■ Your assignment ■
Restate word for word only the lines running from the one with "120 Stunning Bathroom" to the end of the data, both ends included. Omit any pictures.

■ Available data ■
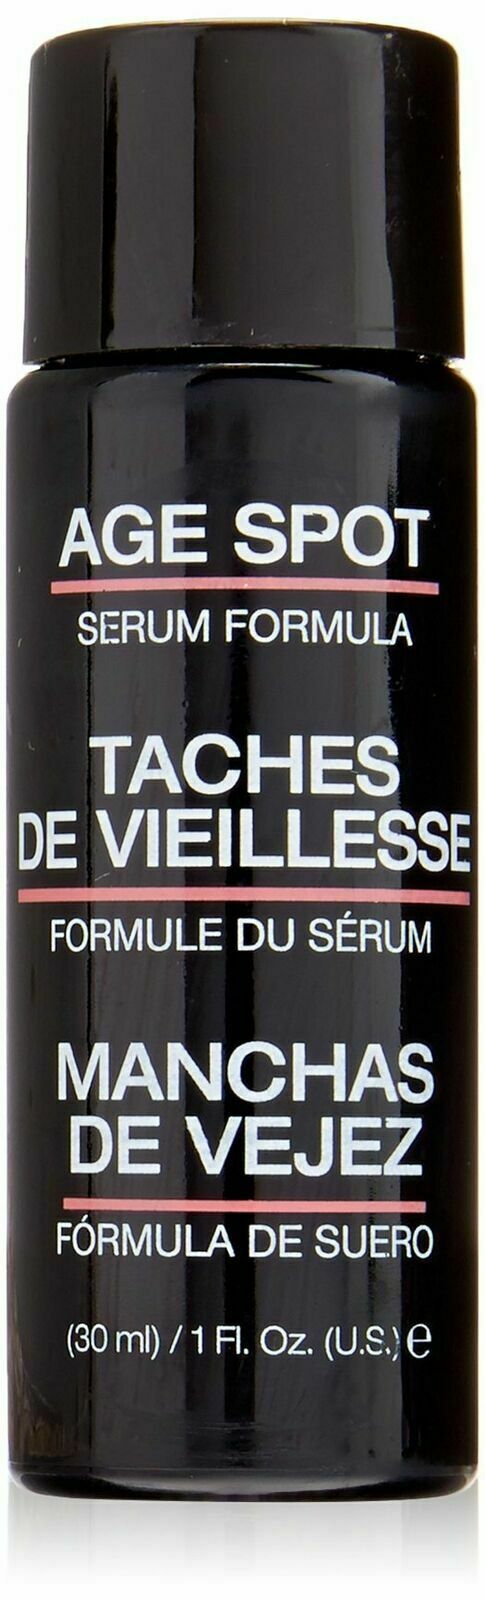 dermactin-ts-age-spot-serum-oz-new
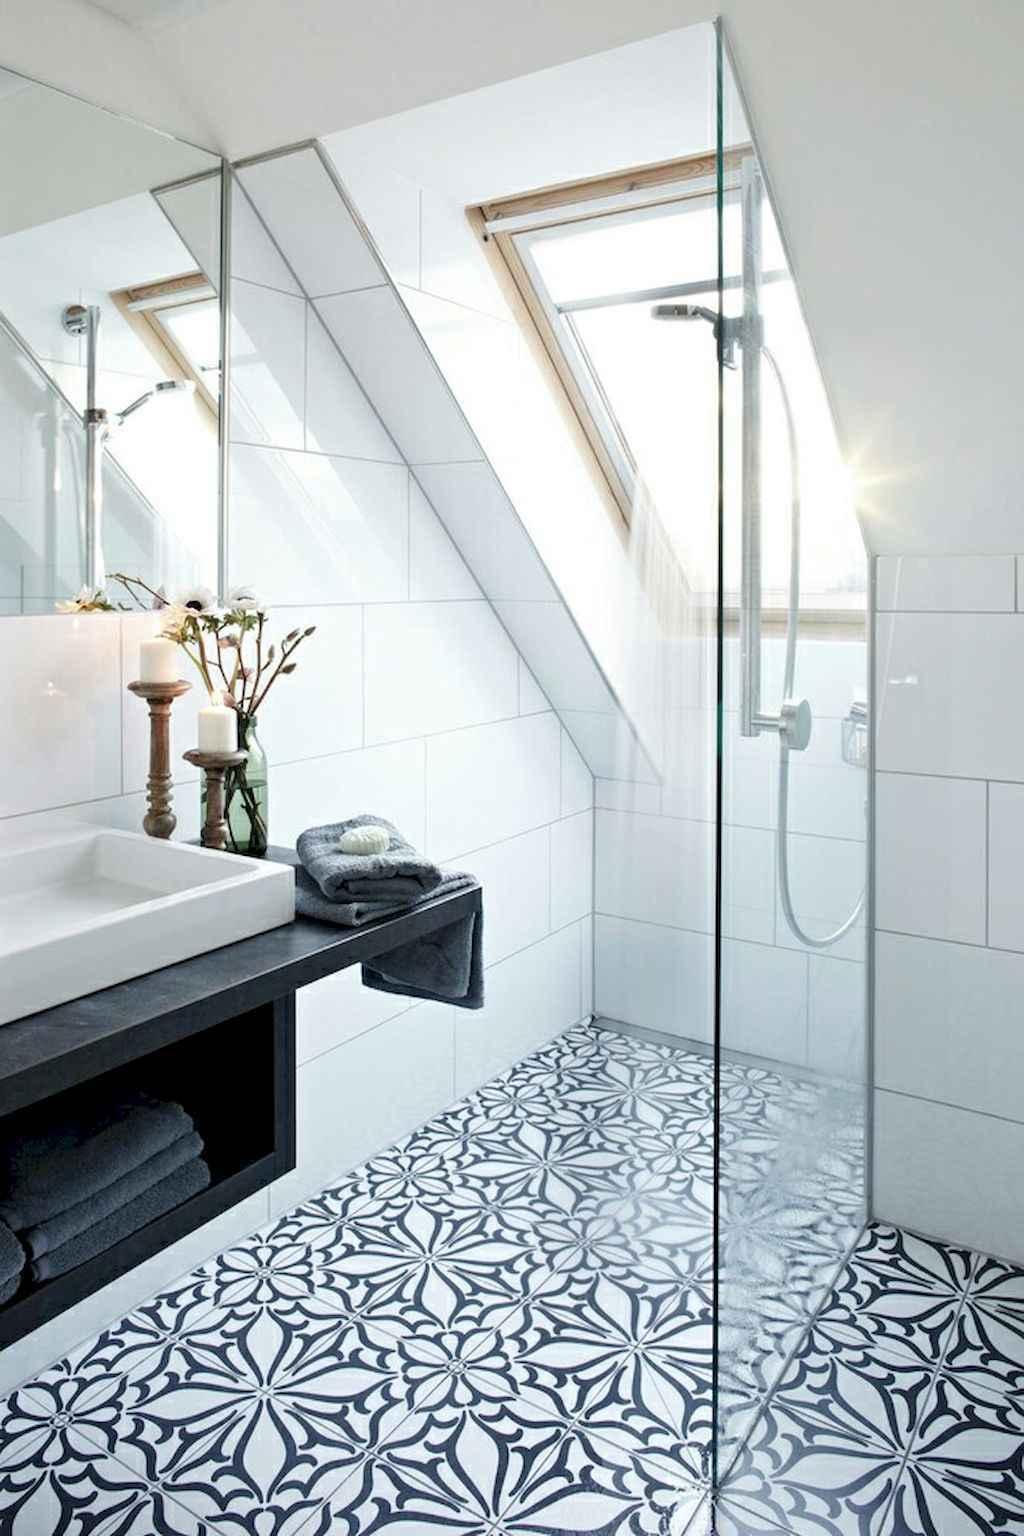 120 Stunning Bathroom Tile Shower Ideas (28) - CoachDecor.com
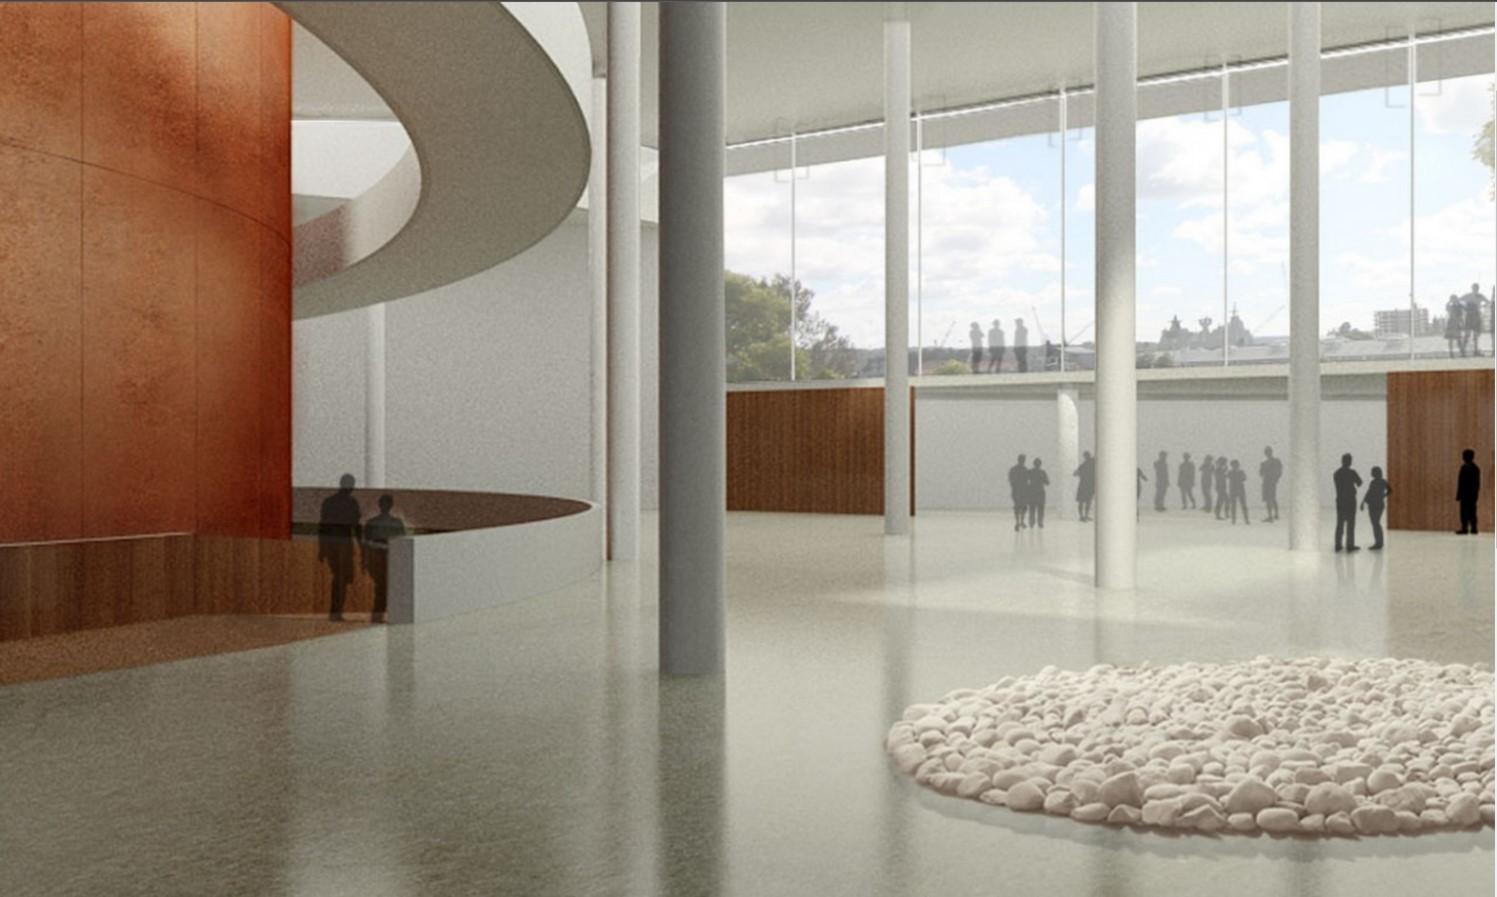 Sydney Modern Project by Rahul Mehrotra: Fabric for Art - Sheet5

■ Result of this task ■
 120 Stunning Bathroom Tile Shower Ideas (28) - CoachDecor.com
 Sydney Modern Project by Rahul Mehrotra: Fabric for Art - Sheet5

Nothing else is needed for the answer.